What the exercise asks: Beginning at the first line of the data, print each line exactly, stopping after the line that contains "Abstract modern giraffe".

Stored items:

______

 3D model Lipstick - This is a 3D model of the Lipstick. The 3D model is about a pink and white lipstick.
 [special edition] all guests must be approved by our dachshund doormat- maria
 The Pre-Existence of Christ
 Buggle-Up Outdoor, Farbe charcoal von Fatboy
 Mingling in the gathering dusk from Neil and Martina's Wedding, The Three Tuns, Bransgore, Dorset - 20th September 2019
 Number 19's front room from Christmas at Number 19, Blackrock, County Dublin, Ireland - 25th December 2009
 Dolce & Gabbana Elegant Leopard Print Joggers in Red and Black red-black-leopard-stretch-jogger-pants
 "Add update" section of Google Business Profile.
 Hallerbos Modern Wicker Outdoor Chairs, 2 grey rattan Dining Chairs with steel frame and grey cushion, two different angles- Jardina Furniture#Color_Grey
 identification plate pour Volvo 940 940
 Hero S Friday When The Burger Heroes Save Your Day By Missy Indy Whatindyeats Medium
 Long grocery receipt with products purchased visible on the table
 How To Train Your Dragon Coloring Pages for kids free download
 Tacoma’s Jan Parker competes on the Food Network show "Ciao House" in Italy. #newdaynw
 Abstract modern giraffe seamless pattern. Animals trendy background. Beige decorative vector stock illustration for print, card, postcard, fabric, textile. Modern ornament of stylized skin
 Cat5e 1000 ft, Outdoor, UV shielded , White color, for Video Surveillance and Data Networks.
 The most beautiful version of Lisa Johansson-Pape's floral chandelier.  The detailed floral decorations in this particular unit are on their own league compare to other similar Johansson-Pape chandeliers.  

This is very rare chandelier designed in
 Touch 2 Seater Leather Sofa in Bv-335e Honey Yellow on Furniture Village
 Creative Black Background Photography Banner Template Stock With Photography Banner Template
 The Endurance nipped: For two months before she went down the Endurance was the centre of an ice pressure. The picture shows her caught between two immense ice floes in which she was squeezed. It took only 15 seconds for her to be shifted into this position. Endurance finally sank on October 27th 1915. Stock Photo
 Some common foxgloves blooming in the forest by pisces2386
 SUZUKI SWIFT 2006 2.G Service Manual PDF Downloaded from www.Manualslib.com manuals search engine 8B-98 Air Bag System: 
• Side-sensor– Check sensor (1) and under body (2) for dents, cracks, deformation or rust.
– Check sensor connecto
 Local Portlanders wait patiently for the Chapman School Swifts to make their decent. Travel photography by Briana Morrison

______

Task response:
 3D model Lipstick - This is a 3D model of the Lipstick. The 3D model is about a pink and white lipstick.
 [special edition] all guests must be approved by our dachshund doormat- maria
 The Pre-Existence of Christ
 Buggle-Up Outdoor, Farbe charcoal von Fatboy
 Mingling in the gathering dusk from Neil and Martina's Wedding, The Three Tuns, Bransgore, Dorset - 20th September 2019
 Number 19's front room from Christmas at Number 19, Blackrock, County Dublin, Ireland - 25th December 2009
 Dolce & Gabbana Elegant Leopard Print Joggers in Red and Black red-black-leopard-stretch-jogger-pants
 "Add update" section of Google Business Profile.
 Hallerbos Modern Wicker Outdoor Chairs, 2 grey rattan Dining Chairs with steel frame and grey cushion, two different angles- Jardina Furniture#Color_Grey
 identification plate pour Volvo 940 940
 Hero S Friday When The Burger Heroes Save Your Day By Missy Indy Whatindyeats Medium
 Long grocery receipt with products purchased visible on the table
 How To Train Your Dragon Coloring Pages for kids free download
 Tacoma’s Jan Parker competes on the Food Network show "Ciao House" in Italy. #newdaynw
 Abstract modern giraffe seamless pattern. Animals trendy background. Beige decorative vector stock illustration for print, card, postcard, fabric, textile. Modern ornament of stylized skin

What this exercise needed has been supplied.